If you're evaluating OpenClaw agents and want to start free, give BetterClaw's free tier a try. 1 agent, BYOK (bring your Gemini or DeepSeek key), hosting included. No credit card. Your first deploy takes 60 seconds. If and when you're ready for Pro, it's $19/month per agent with full access. Start free. Upgrade when the agent is worth it to you.
Frequently Asked Questions
What is the best free model for OpenClaw?
Gemini 2.5 Flash via Google AI Studio. It offers 1,500 free requests per day (no credit card required), a 1M-token context window, and reliable tool calling. It covers personal OpenClaw usage (30-50 messages/day) completely within the free tier. For higher quality at near-zero cost once you outgrow Flash, DeepSeek V4-Flash is the next pick.
What happened to Claude on OpenClaw?
Anthropic banned Claude Pro/Max subscriptions from third-party tools like OpenClaw on April 4, 2026. The ban was reversed on May 13, 2026 — a new "Agent SDK credit" system (monthly non-rollover credits billed at API rates) will reinstate Claude usage on paid plans starting June 15, 2026. Until then, the free-tier picks in this post are the working path.
Can I run OpenClaw completely free?
Yes, in two ways. First, use a free API tier (Gemini 2.5 Flash gives 1,500 requests/day free). Second, run models locally via Ollama — gemma4:e4b or qwen3.5:9b run on a 16GB machine, larger models like qwen3-coder:30b and glm-4.7-flash need 24GB+. The trade-offs: free API tiers have rate limits and may train on your data; local models require hardware and benefit from the native /api/chat Ollama provider for working tool calling.
Which free models support tool calling in OpenClaw?
Cloud free tiers: Gemini 2.5 Flash, DeepSeek V4-Flash, OpenRouter :free. Local via Ollama (use the native provider, not /v1): qwen3-coder:30b, glm-4.7-flash, qwen3.5:9b, gemma4:e4b, hermes3, mistral:7b, gpt-oss:20b. Models under 8B parameters generally cannot call tools reliably regardless of provider config.

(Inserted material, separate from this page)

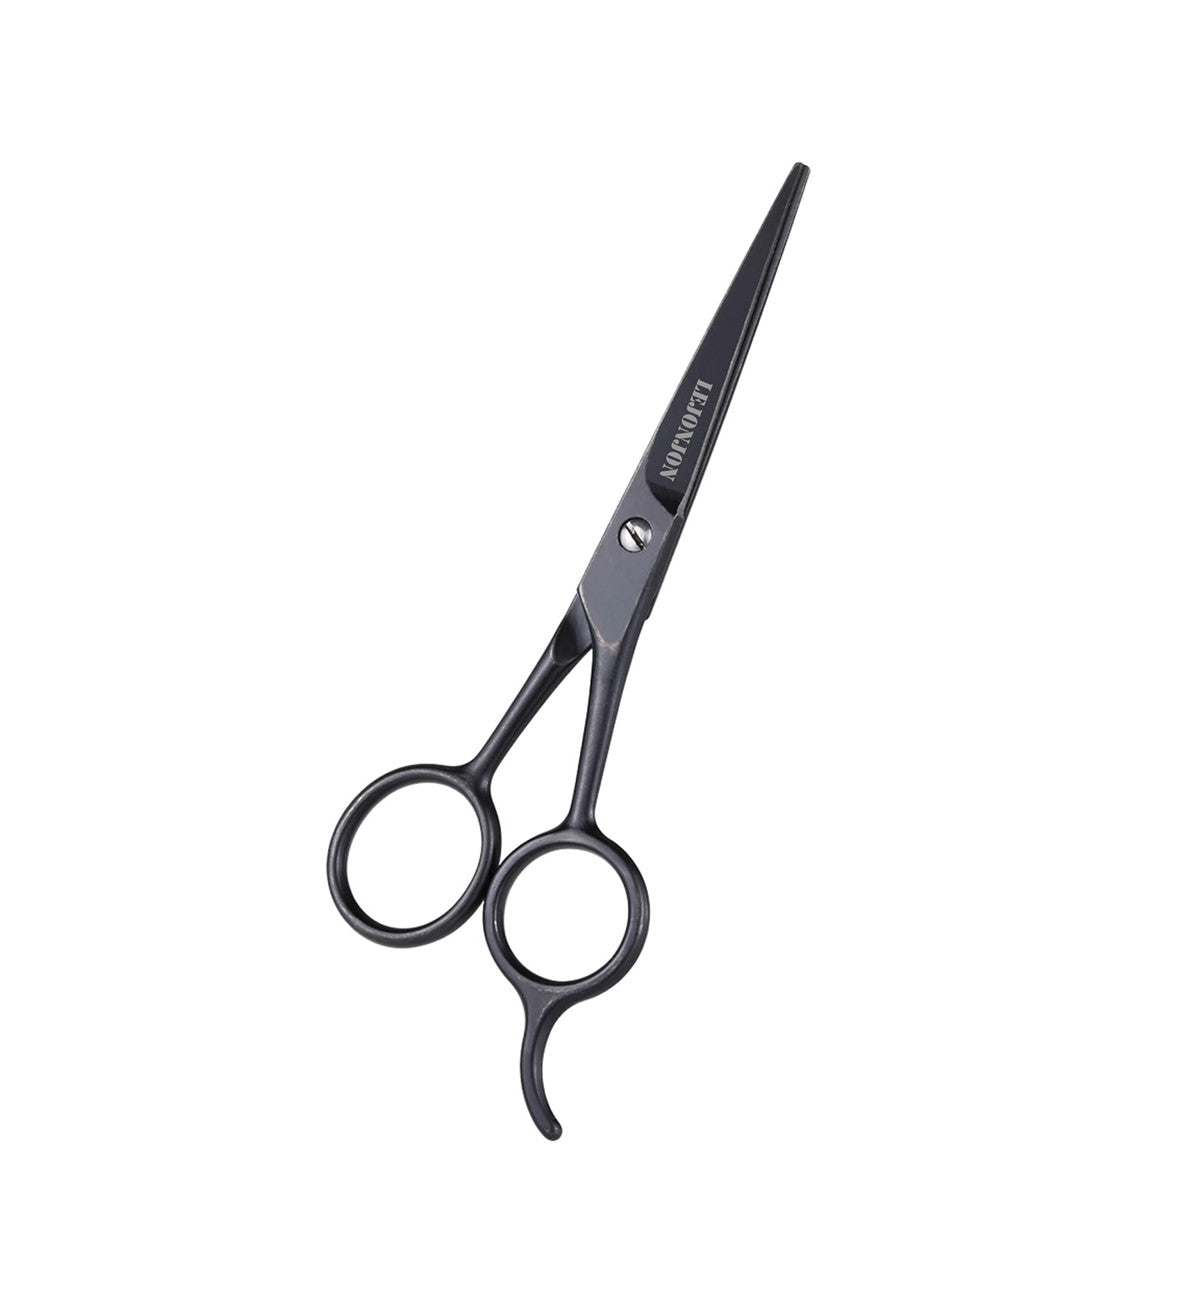 Beard trimming scissors

Is DeepSeek actually free for OpenClaw?
Partially. DeepSeek hands new accounts a one-time 5 million-token free credit (valid ~30 days), not a recurring monthly free tier. After it's gone, V4-Flash bills at $0.14 / $0.28 per million tokens (input / output). A heavy day of OpenClaw usage typically lands well under $1. Most personal users stay under $5/month total. Functionally near-free, but not zero cost after the initial credit.
Does BetterClaw support free models?
Yes. BetterClaw's free plan includes 1 agent with BYOK (bring your own API key). You can connect your Gemini free tier key, DeepSeek key, or any of 28+ supported providers. BetterClaw charges for the platform ($19/month per agent for Pro), not for inference. You pay your model provider directly at their rates, including free tiers. Smart context management stretches free-tier quotas further by keeping per-turn token volume lean.